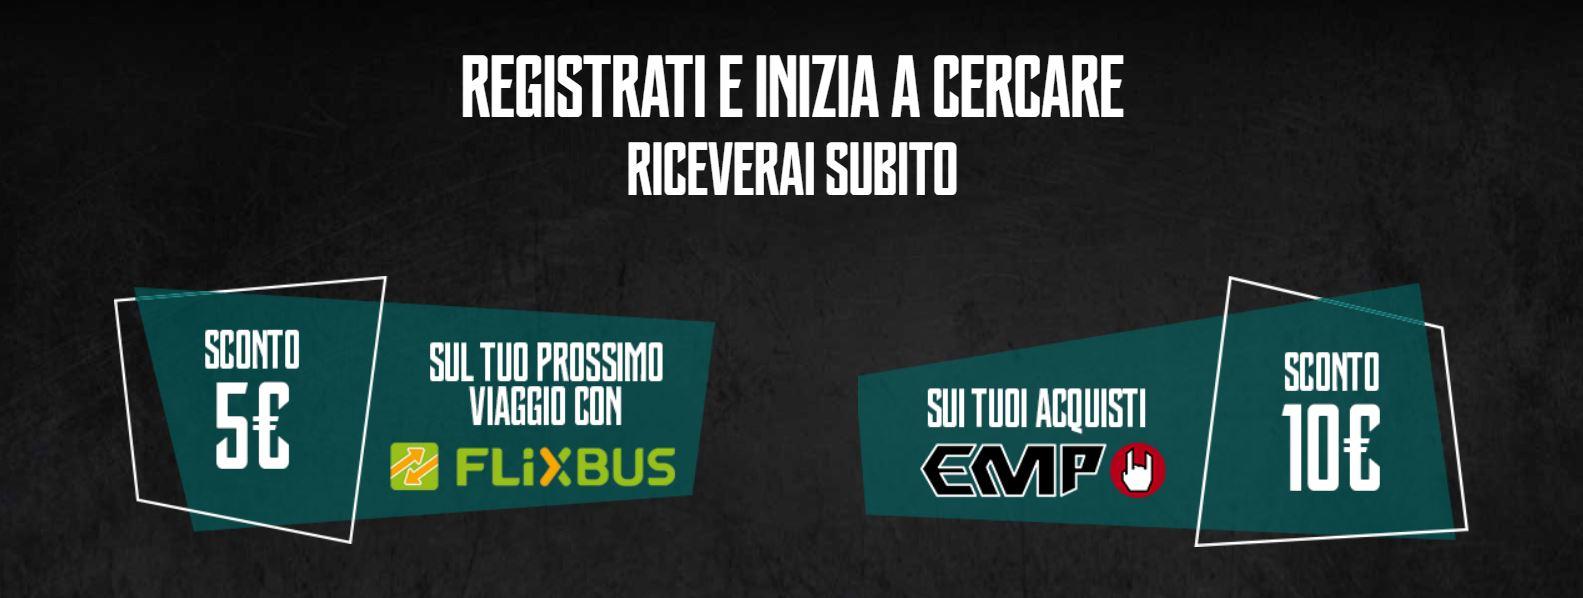 Buono sconto 5€ Flixbus
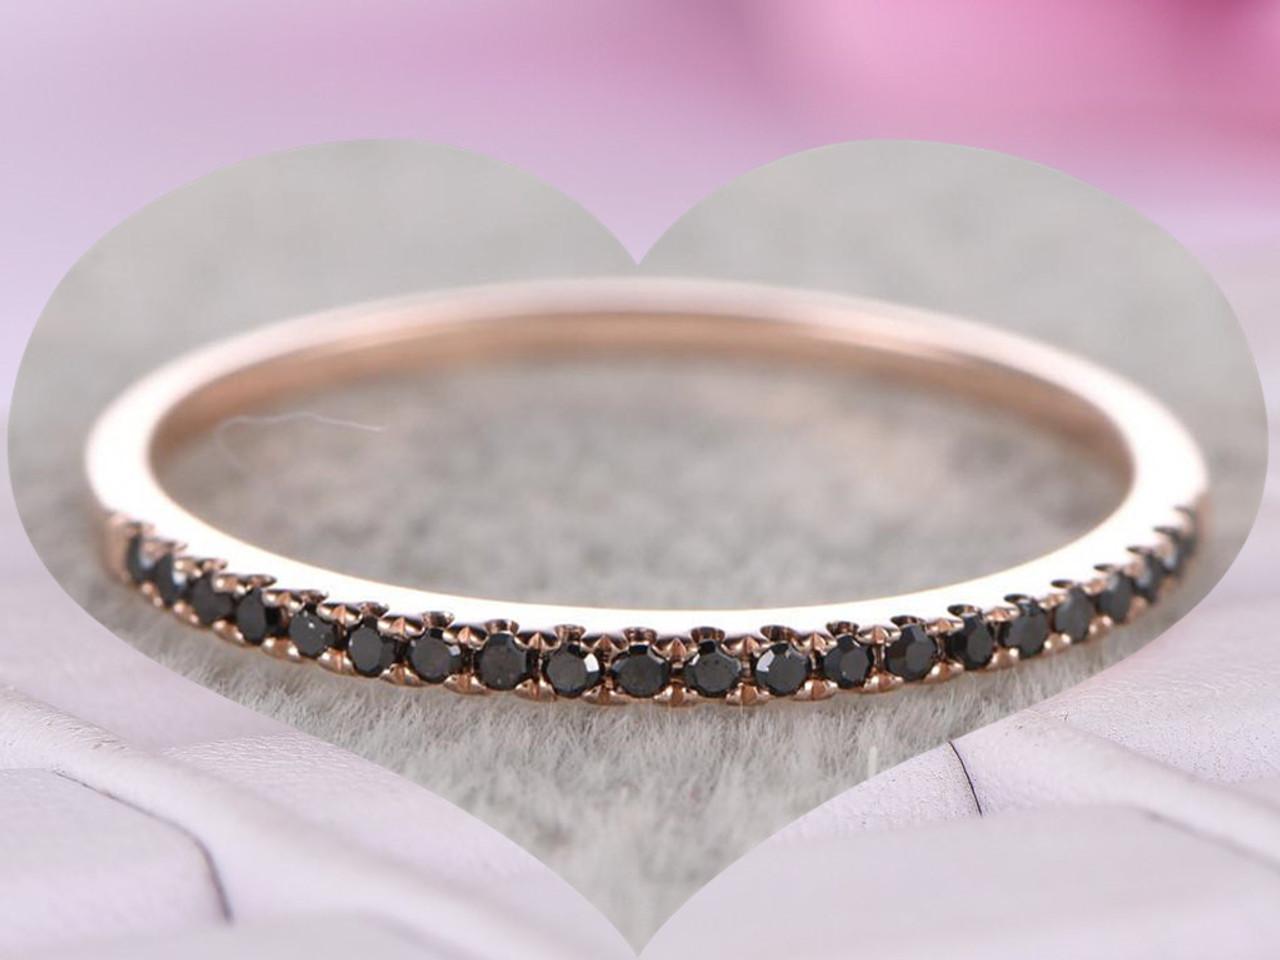 Black Diamond Wedding Band.Pave Black Diamond Wedding Band Half Eternity Anniversary Ring 14k Rose Gold
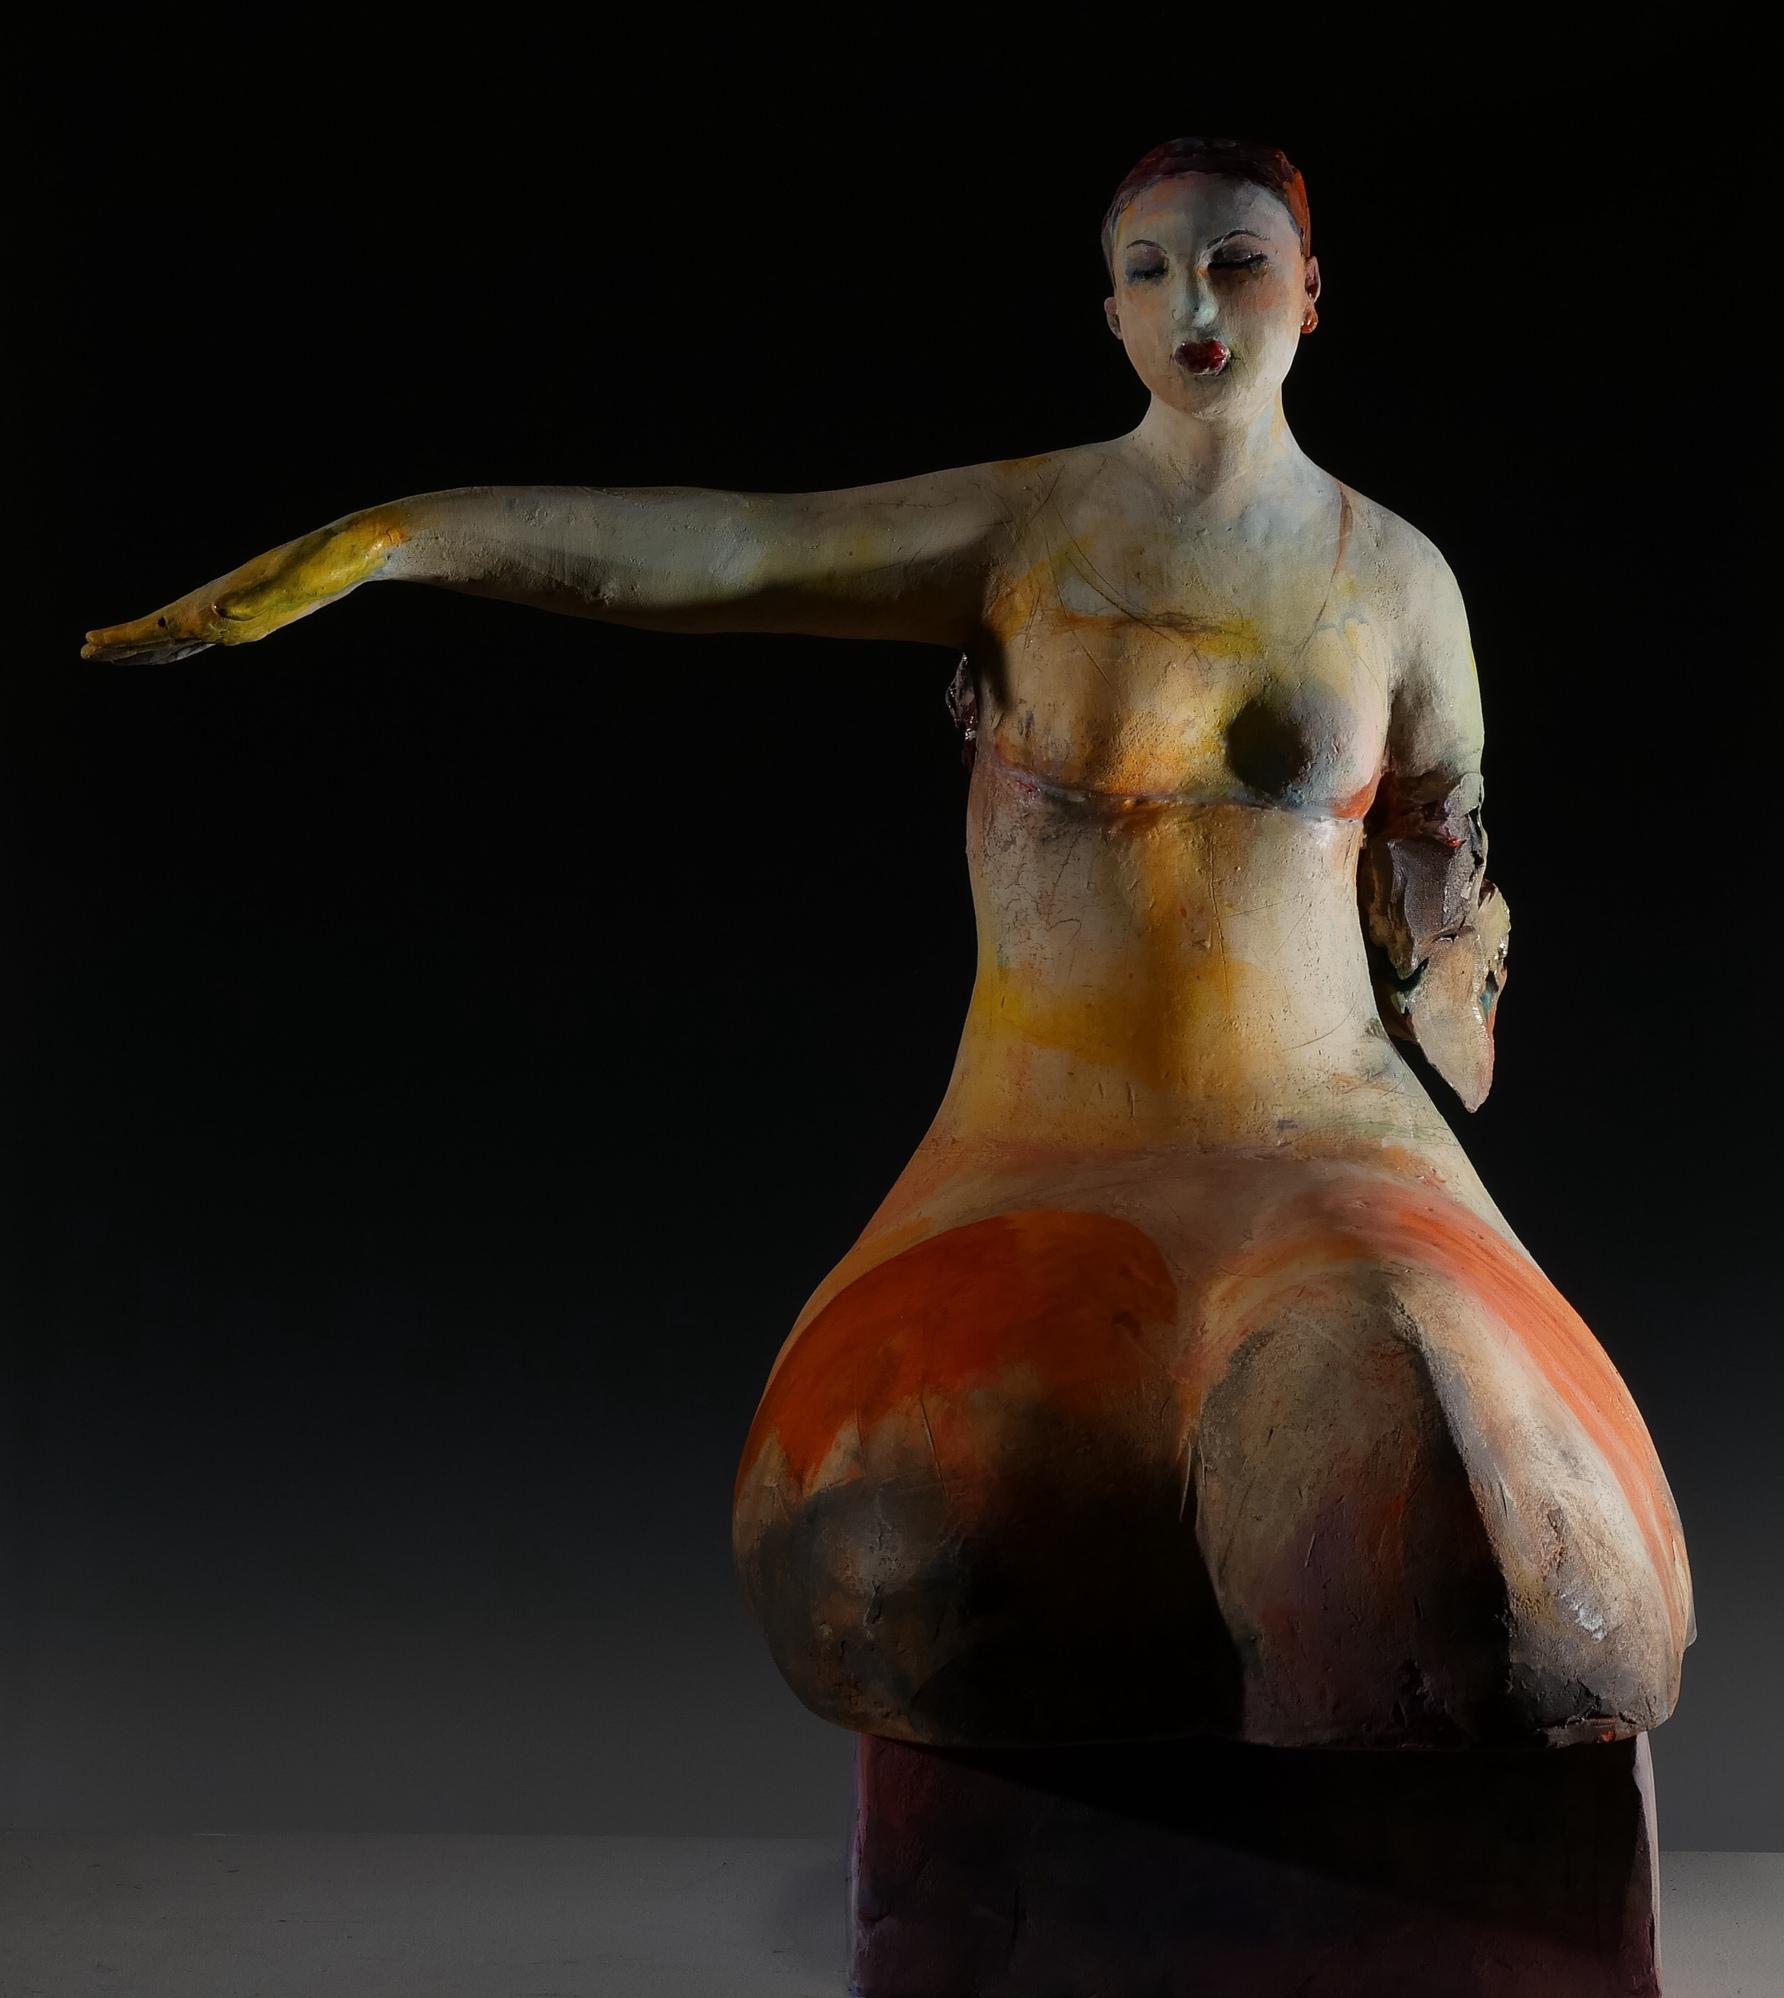 Michelle-Gregor-Euphrates-33-x27-x24-.jpg
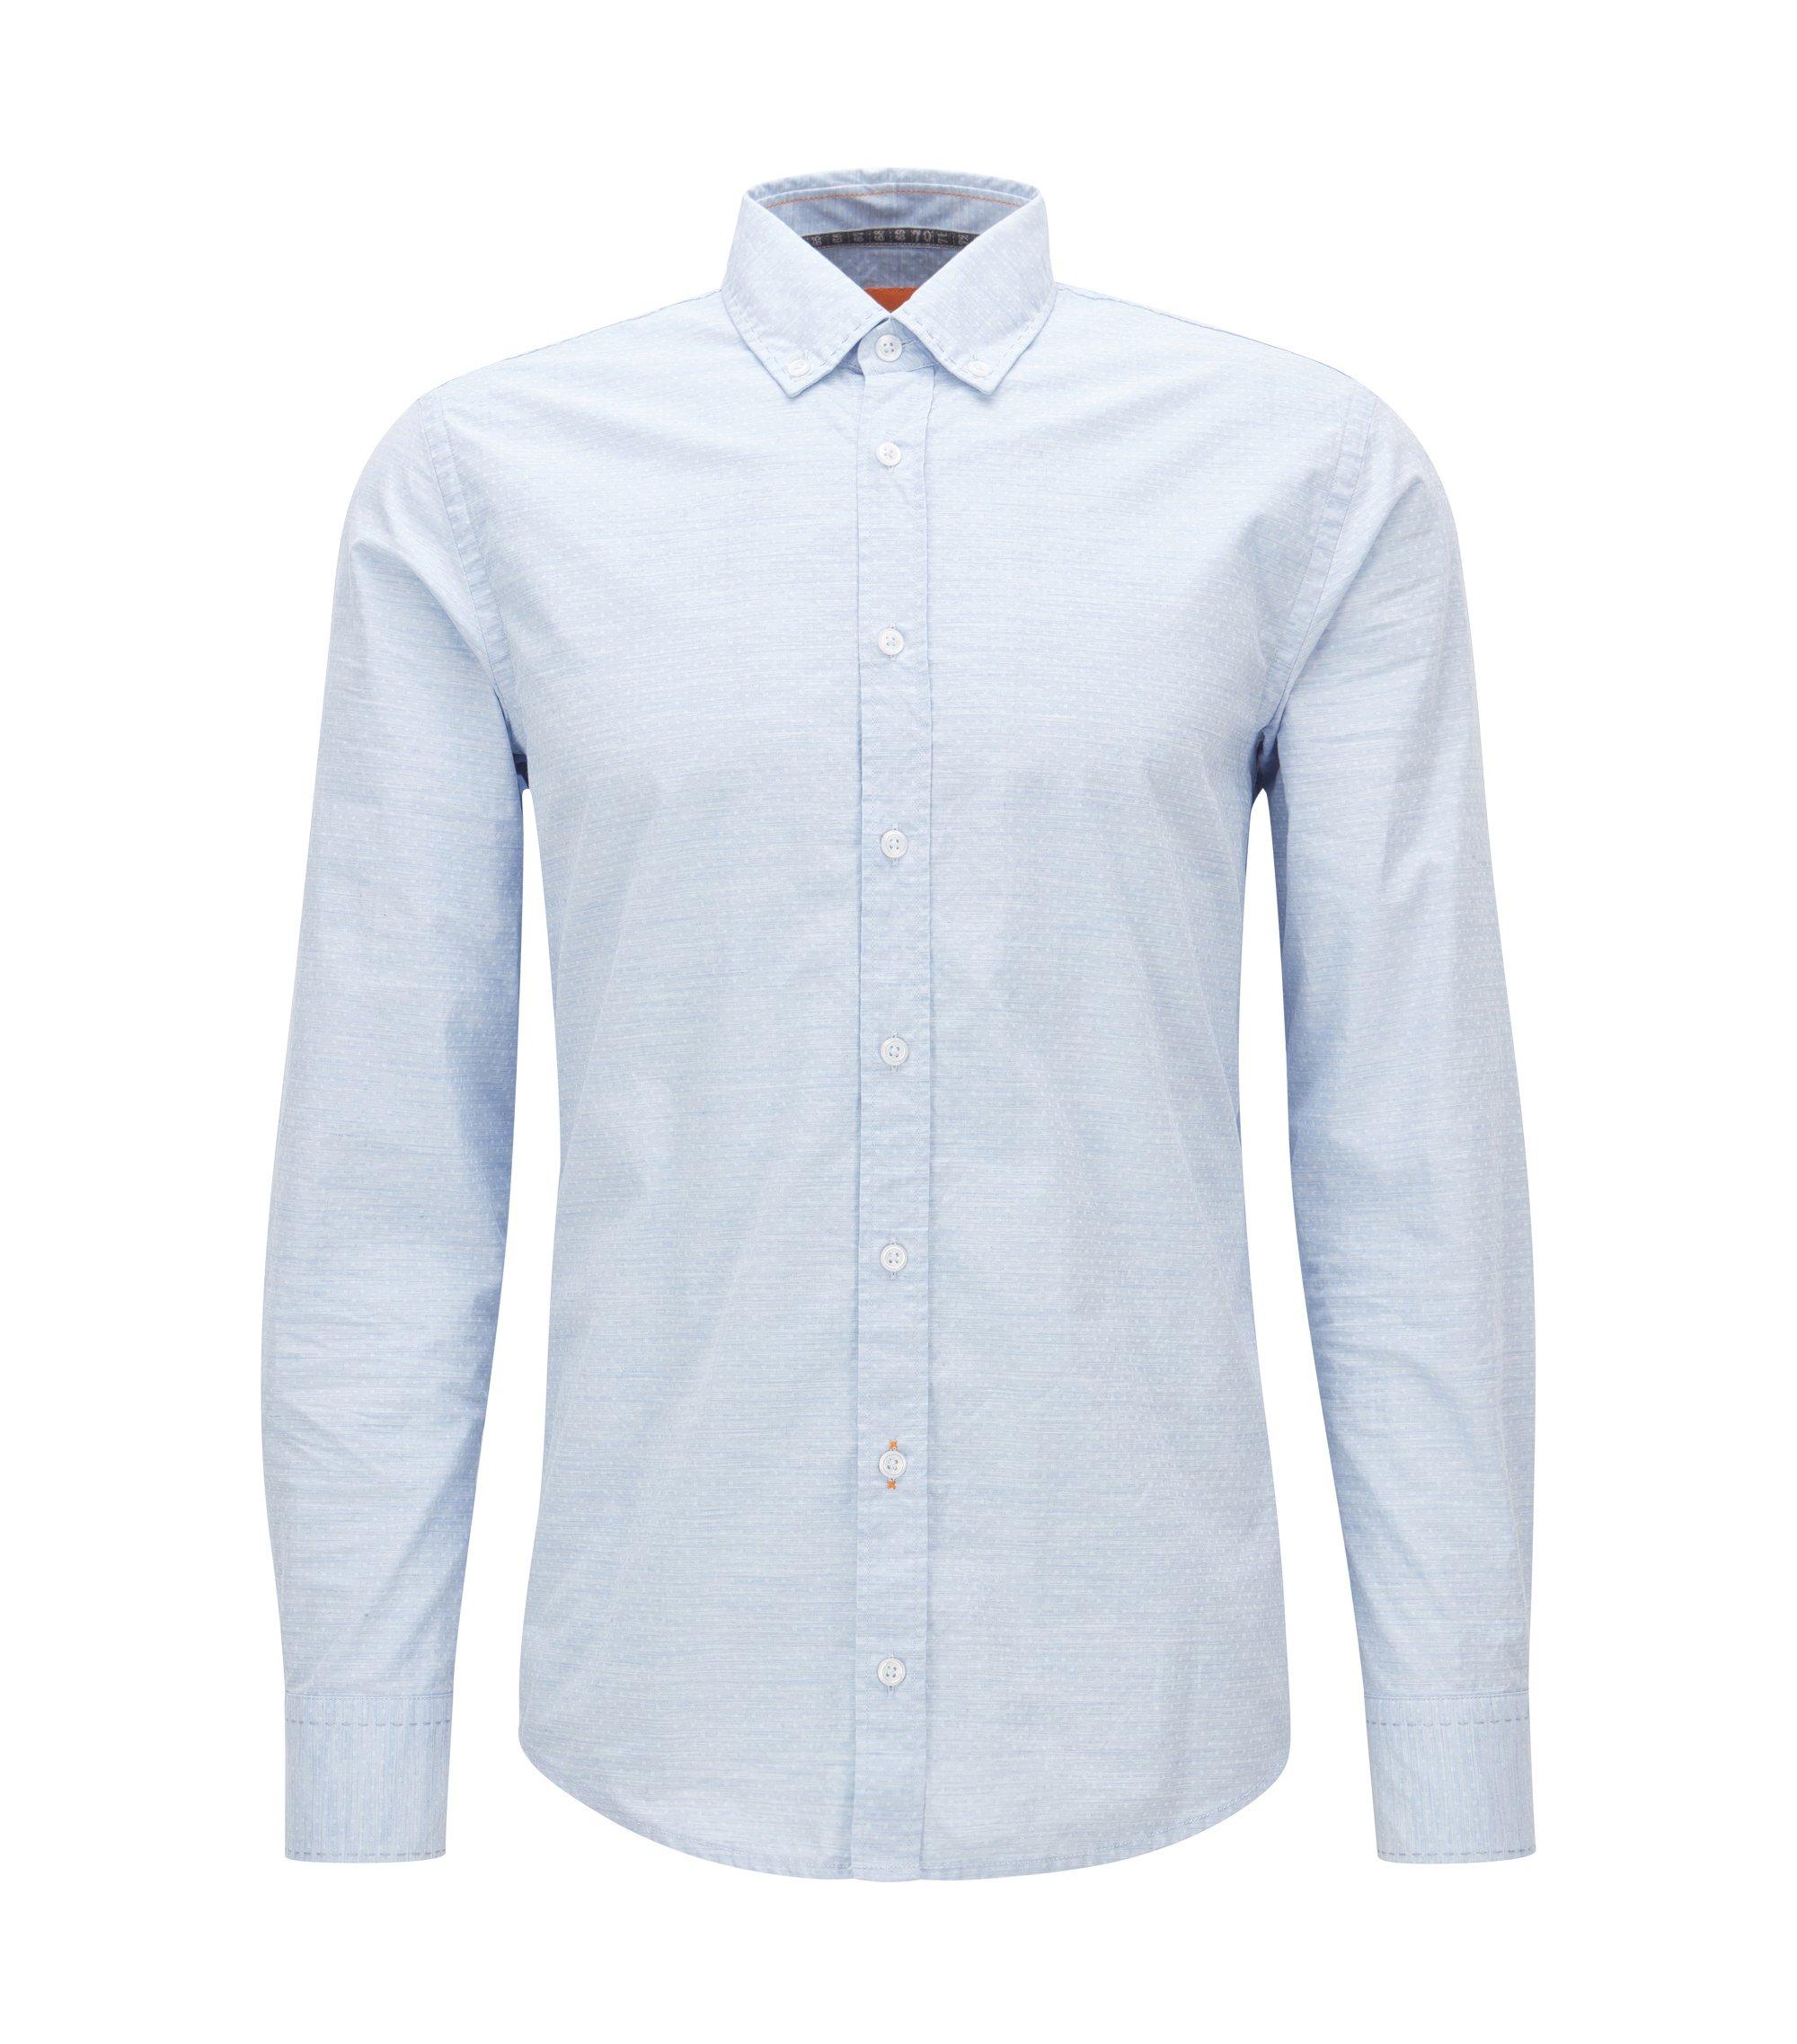 Polka Dot Cotton Button Down Shirt, Slim Fit | Epreppy, Open Blue

□ □ □ □

Task instructions:
Your task is to set down each line above verbatim while excluding the pictures.

Written answer:
 Buono sconto 5€ Flixbus
 Black Diamond Wedding Band.Pave Black Diamond Wedding Band Half Eternity Anniversary Ring 14k Rose Gold
 Michelle-Gregor-Euphrates-33-x27-x24-.jpg
 Polka Dot Cotton Button Down Shirt, Slim Fit | Epreppy, Open Blue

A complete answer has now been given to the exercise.